The Occupy Movement’s rapid growth could be thought of as having “tapped” a political narrative in American society. In this light they grew because everyone who shared a similar ideology joined in the cause. While this could be the reason for their expansion the failure to achieve widespread acceptance, even to having many city governments restrict their ability, argues that the key to their growth wasn’t ideology but something else. My belief is that the Occupy Movement was able to expand rapidly and did because of their structure of non-hierarchical leadership. That sounds odd, doesn’t it? How could the lack of hierarchy be considered a structure, shouldn’t it be the other way round? Not really, especially when you consider that hierarchy is natural to all systems. To use the thought of Ken Wilber, hierarchy comes in two forms: that which supports and makes whole (parent to child, etc.) and that which dominates and divides. Even egalitarian social systems have some form of hierarchy. It isn’t a bad word or a bad practice.

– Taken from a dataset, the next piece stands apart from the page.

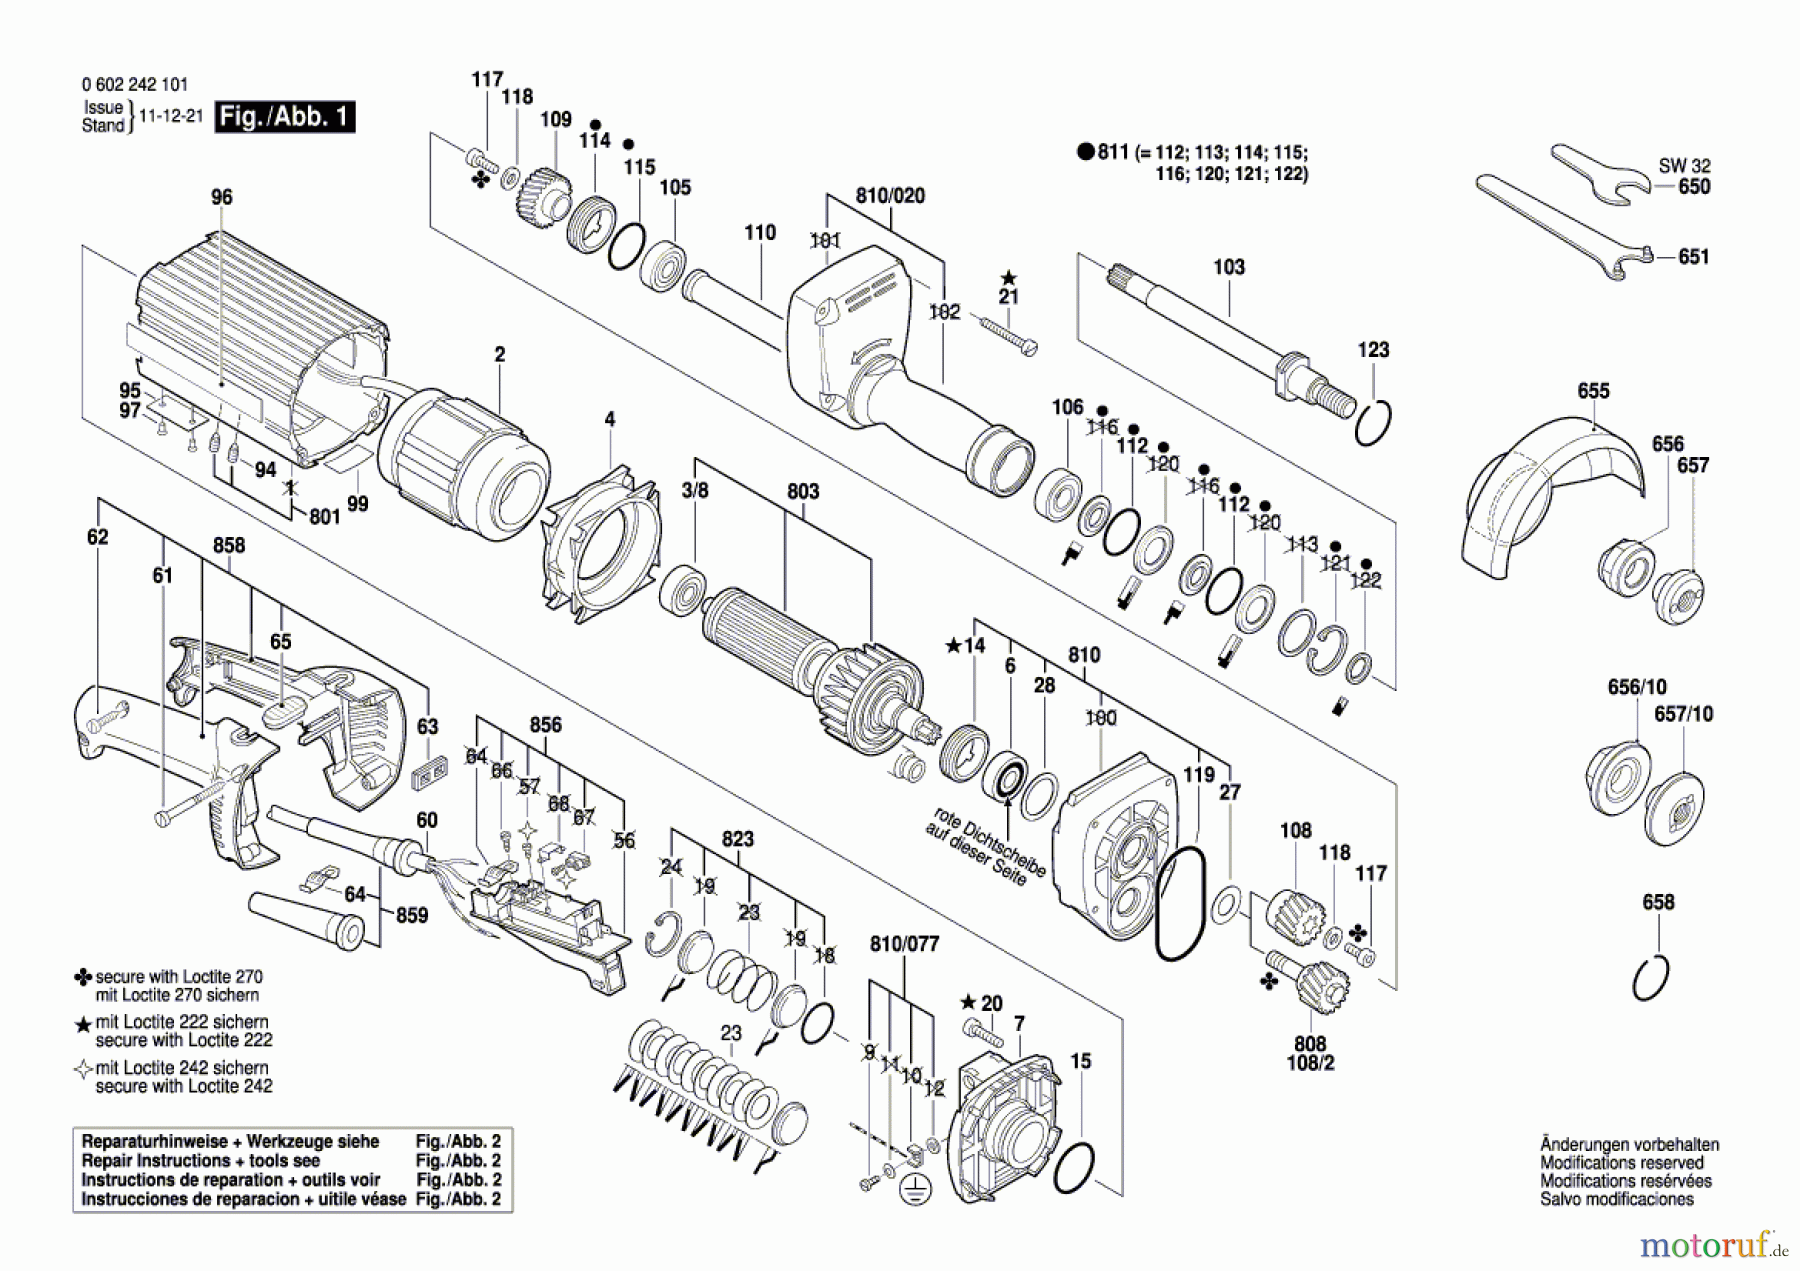  Bosch Werkzeug Hf-Geradschleifer GERADSCHLEIFER 2 242 Seite 1

When used in the sense of non-hierarchical leadership what’s being talked about is the absence of a dominating hierarchy that injects fear and governs through power and intimidation and the presence of a supportive, whole-making hierarchy that actualizes potential.
Non-hierarchical leadership is both a structural and informational concern. Here’s what I mean: We can say that our organizations are flat and that everyone is a leader – all up to date leadership thinking – but for these words to have meaning, people must have access to information and be allowed to act on it in ways that conform to the overall goals of the organization but are still from within their own initiative. Underlying non-hierarchical leadership are the facts that a) people gauge their contribution to organizational life by the degree that their actions are based in information and not command, and b) the difference they perceive that their influence brings to bear on the organization’s goals. In other words, to be at their best people need to co-create what they do.
Leaders who best lead non-hierarchically share the following three qualities.
- They see that leadership is more a process than a person.
- They appreciate that they won’t have the key role in every context.
- They are aware that at times they will be followers of others within the organization.
Certainly agreement in a cause motivates people; as leaders we use this kind of motivation regularly. However, without a structure that allows people to participate in what they agree upon, agreement can become little more than ego reinforcement for the leader. When we lead without appeal to our position for legitimacy but instead realize our leadership is only as strong as the perception of those we serve then we best assure organizational ownership and not just conformance to a task.